Dunedin, New Zealand, my city - my people

Sunday, April 8, 2012

Good People continued... Kensington Lights

Three good mates. Jeff, me and Ian Corlett. We trained together and stayed friends on life's journey.

Curly Corlett on the left with my wife.

High rise public housing.
Visiting friends in Melbourne years ago, the lady of the house came to me with a little baby and a bottle of milk and said, "Here you... Feed this!"(with a good humoured twinkle in her eye.) I sat on a couch and began to feed the baby, the little daughter of a very depressed solo mum visiting the house. A partly drunk alcoholic woman sat down next to me, leaned over me and cooed at the baby. She smelt so bad that my nose twitched. Where was I? What was happening? I was at Ian and Curly Corlett's home in Kensington, Melbourne. They had a house near the high rise public housing flats of Melbourne. There they lived with their family of four kids. They had an experimental ministry to the community going and their base was their family home. If you visited you never knew who your fellow guests were going to be. There was a sort of "open home" policy operating. 

The Kensington area was an area where there were great needs. Ian and Curly became involved in the community doing lots of "community building" activities. A credit Union began. A bus was purchased and that was used for trips out of the area and bus parties. They had a Sunday night "church service" in their lounge. People would come and there would be discussion, prayers about local needs and communion handed around, bread on a normal bread and butter plate and a glass with grape juice. After church there was a big feed on the table and then people often played cards. People with a variety of needs would call and Ian and Curly would seek to meet needs, advocate for people or encourage their own growth and decision making. Ian was an important part of the community. I arrived on a plane from NZ once. Ian met me and said, "We're going to a meeting at the police station." Ian was part of a community group who met regularly with Police to discuss issues. (I recall that meeting. The young policeman sitting next to me must have felt uncomfortable with his side arm on, so pulled it out and sat it on the table next to me! Coming from NZ it was uncomfortable for me having this "canon" sitting near me! NZ police are still unarmed.)

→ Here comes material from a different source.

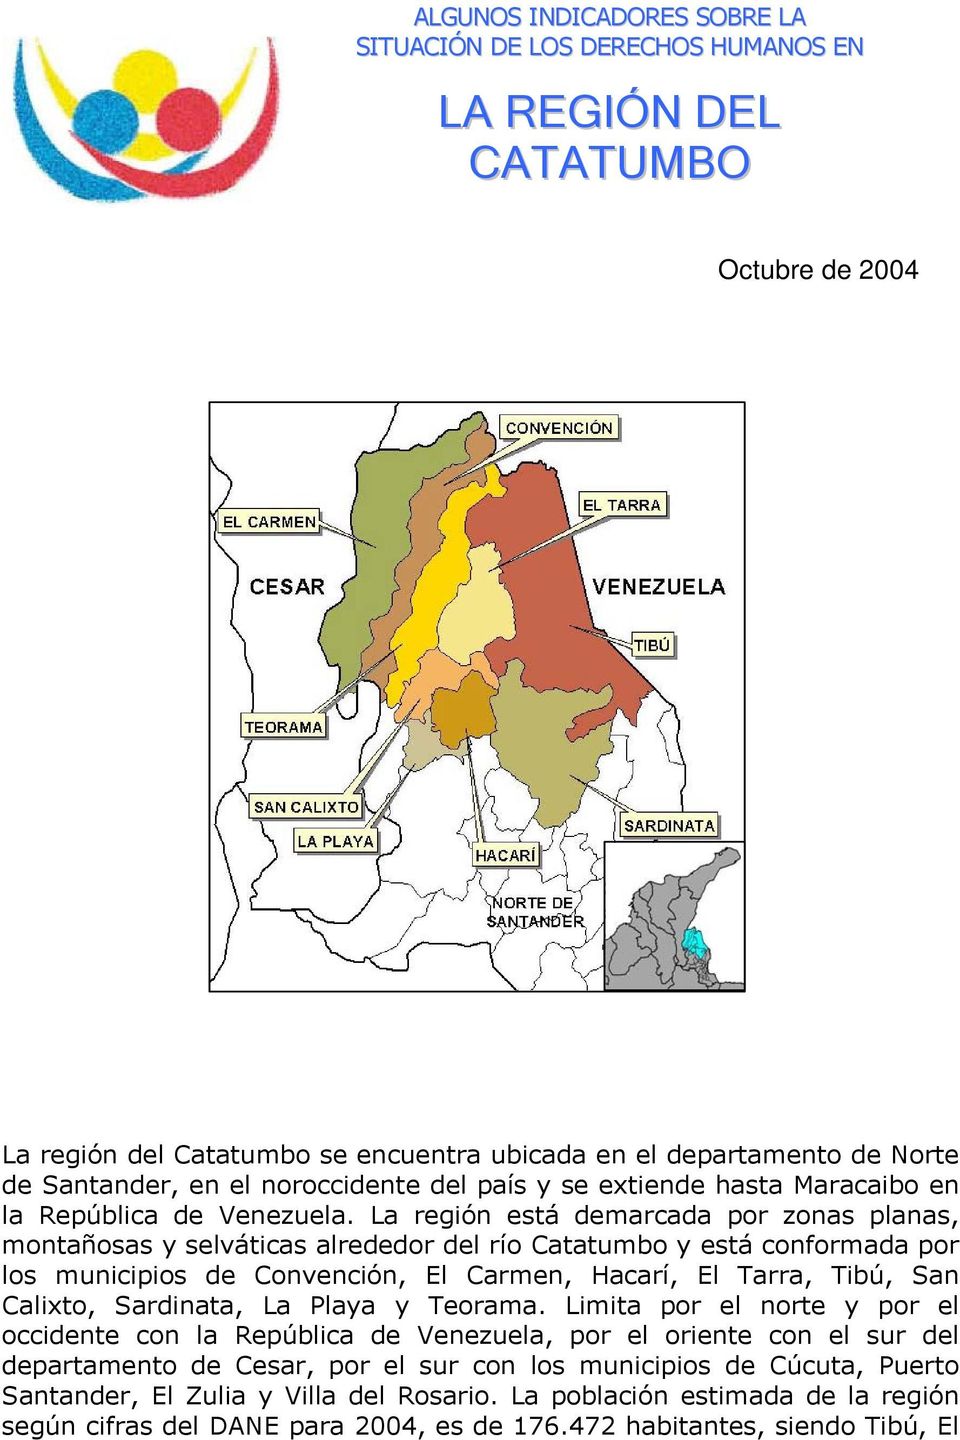 La región está demarcada por zonas planas, montañosas y selváticas alrededor del río Catatumbo y está conformada por los municipios de Convención, El Carmen, Hacarí, El Tarra, Tibú, San Calixto,
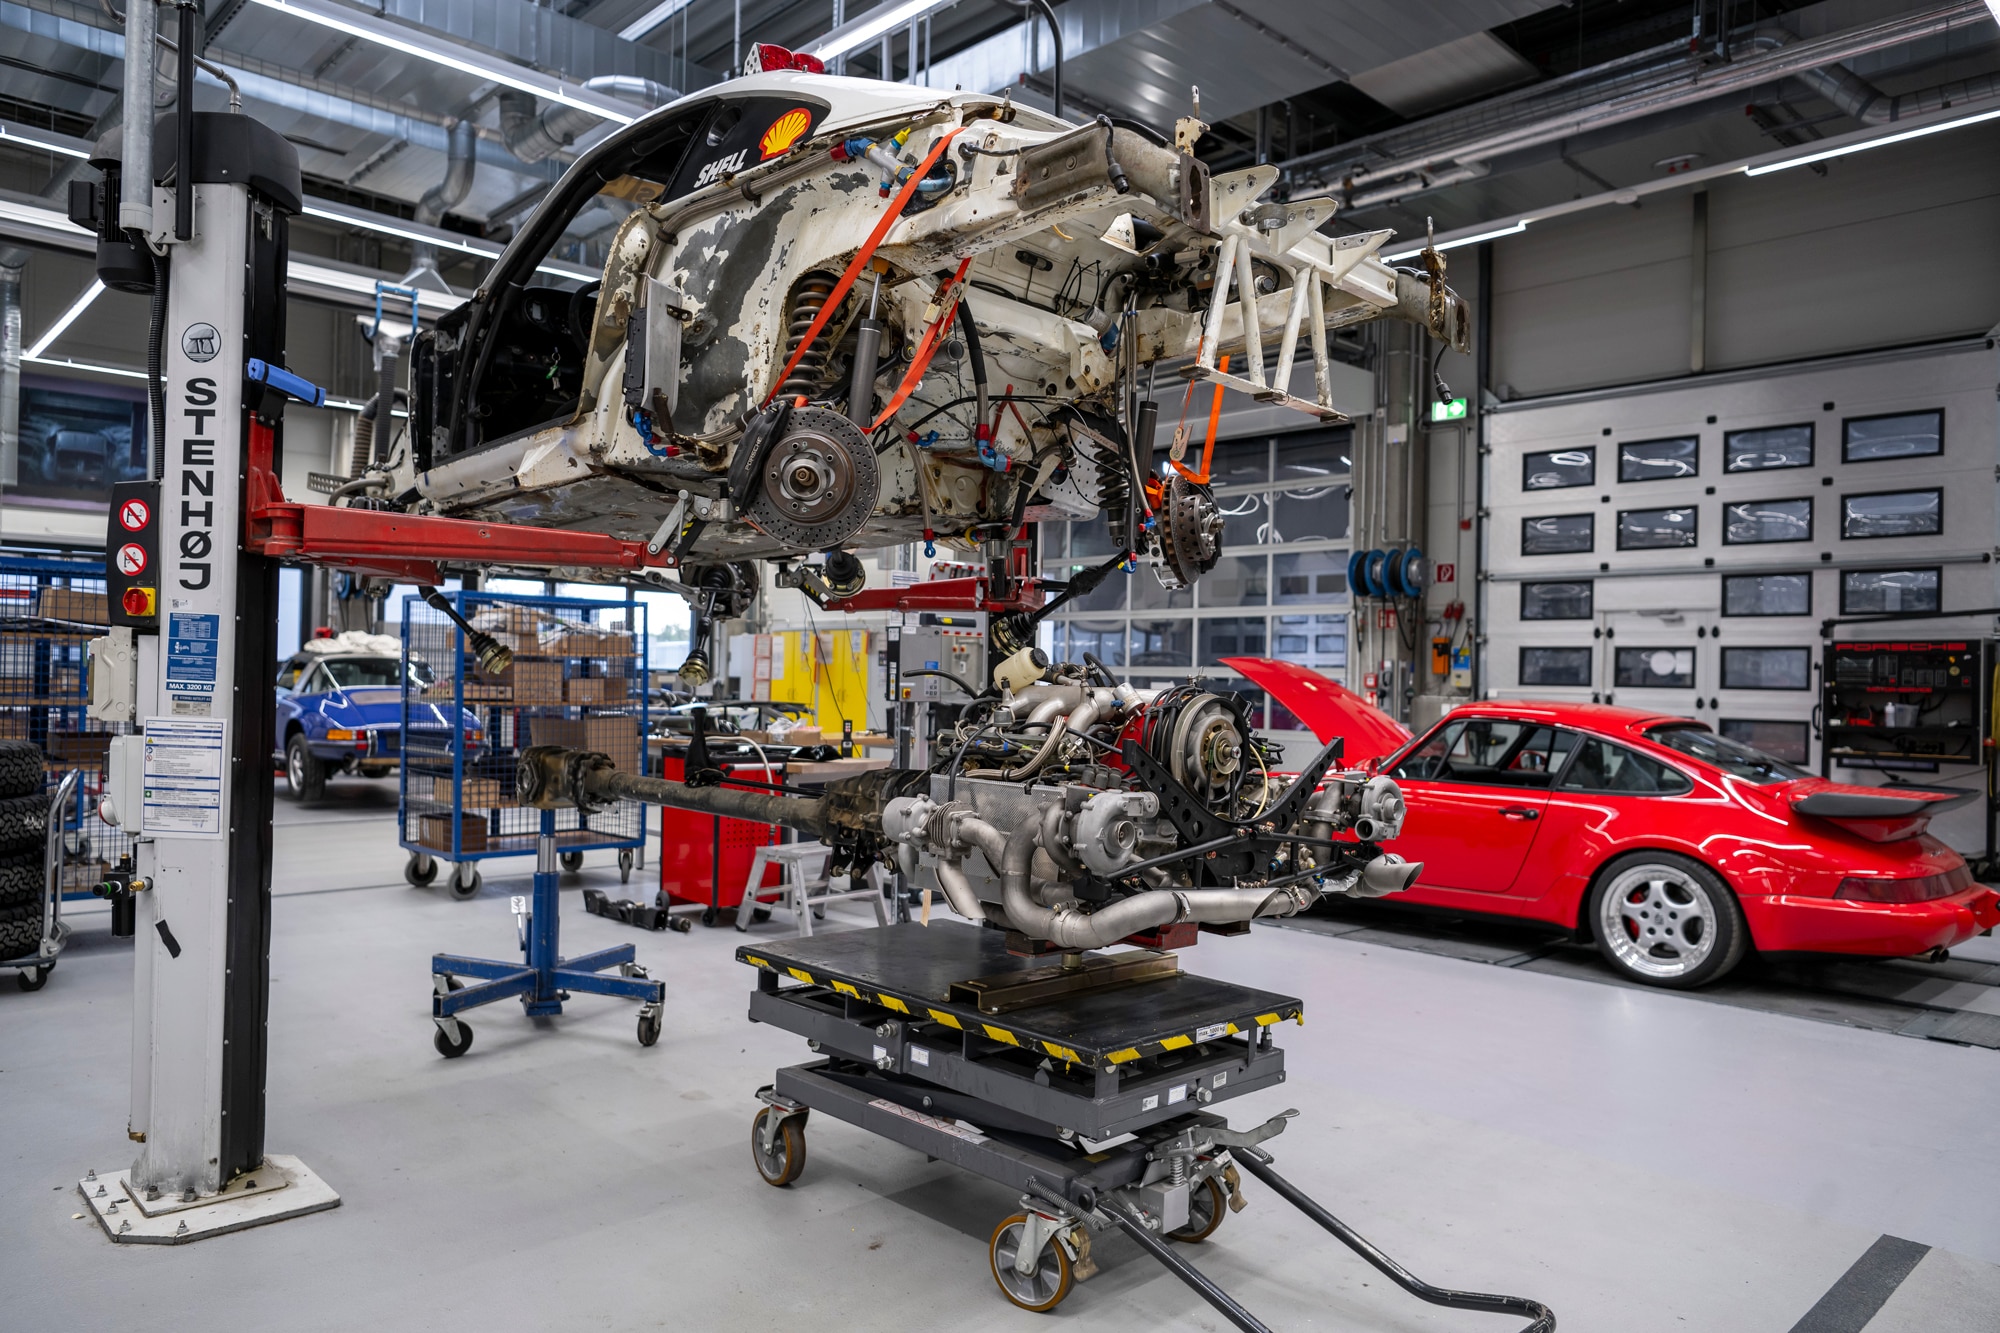 Engine being reinstalled in the 959 Paris-Dakar next to a red Porsche inside the Porsche Classic workshop

I was inspired by Curly and Ian. Here was the Church serving the community, really involved in the community in costly ministry. Secondly here was real Christian hospitality being expressed. Curly was (still is) magnificent. With little enough to live on, she always managed to feed people well, with a sense of humour and love. (They had voluntarily put themselves on the equivalent of the unemployment benefit, since many of the people in Kensington lived on that.) Thirdly, here was true acceptance of people. The people visiting, or around the table could be smelly alcoholics, a prostitute from St Kilda, some needy mum and her kids, whoever, but they were welcomed with humour, respect and love. I once asked Curly how come she could love these people, and she said something like, "I look at them and remind myself God loves 'em." These people were practicing the love of Jesus in a very real way. I think overall it must have been quite a stressful lifestyle and maybe the model was unsustainable without a greater team of support, but its directions and principles were right. Involvement in the community, not hiding behind religious walls and practices. Truly being salt in the community.  With this, open hearted, big hearted love for people, meeting people at their point of need and respecting them. The ministry in Kensington was as much Curly's as it was Ian's. She was a rock behind Ian, and a beacon of light to many people.  Ian went on to different ministries, and then moved to Adelaide giving leadership by stimulating the work of many churches. Ill health brought early retirement for Ian. 

Ian was one of my friends when I did my theological training in Melbourne. We, and another Aussie mate Jeff, stayed friends in spite of the distance between NZ and Australia. He used to annoy me. Sometimes he could be so dogmatic with friends. He was on a journey and we knew each other so well that we bounced off each other freely in our thinking and journey through life and ministry. (I probably annoyed him at times too.) He died three years ago, and one wonders if the stress he took on board back in Kensington did not contribute to his early death?  His funeral was packed with people, many talking to me and telling of how much his ministry had changed their lives. Curly continues sharing love in her special way. Her home is still a place of loving hospitality. I could tell you much more about this couple, and their journey, but that is enough. Their experience in Kensington challenged and inspired me to find ways to express the same principles in ministry. In spite of being Australians, they are good, inspiring people that I have been privileged to know. 

Thanks to God for those inviting us to live more faithfully!
Thanks to God for those who show us richer lives of charity!
Thanks for those we see no longer, but whose mem’ries in us lie!
Thanks to God for those who teach us how to live and how to die!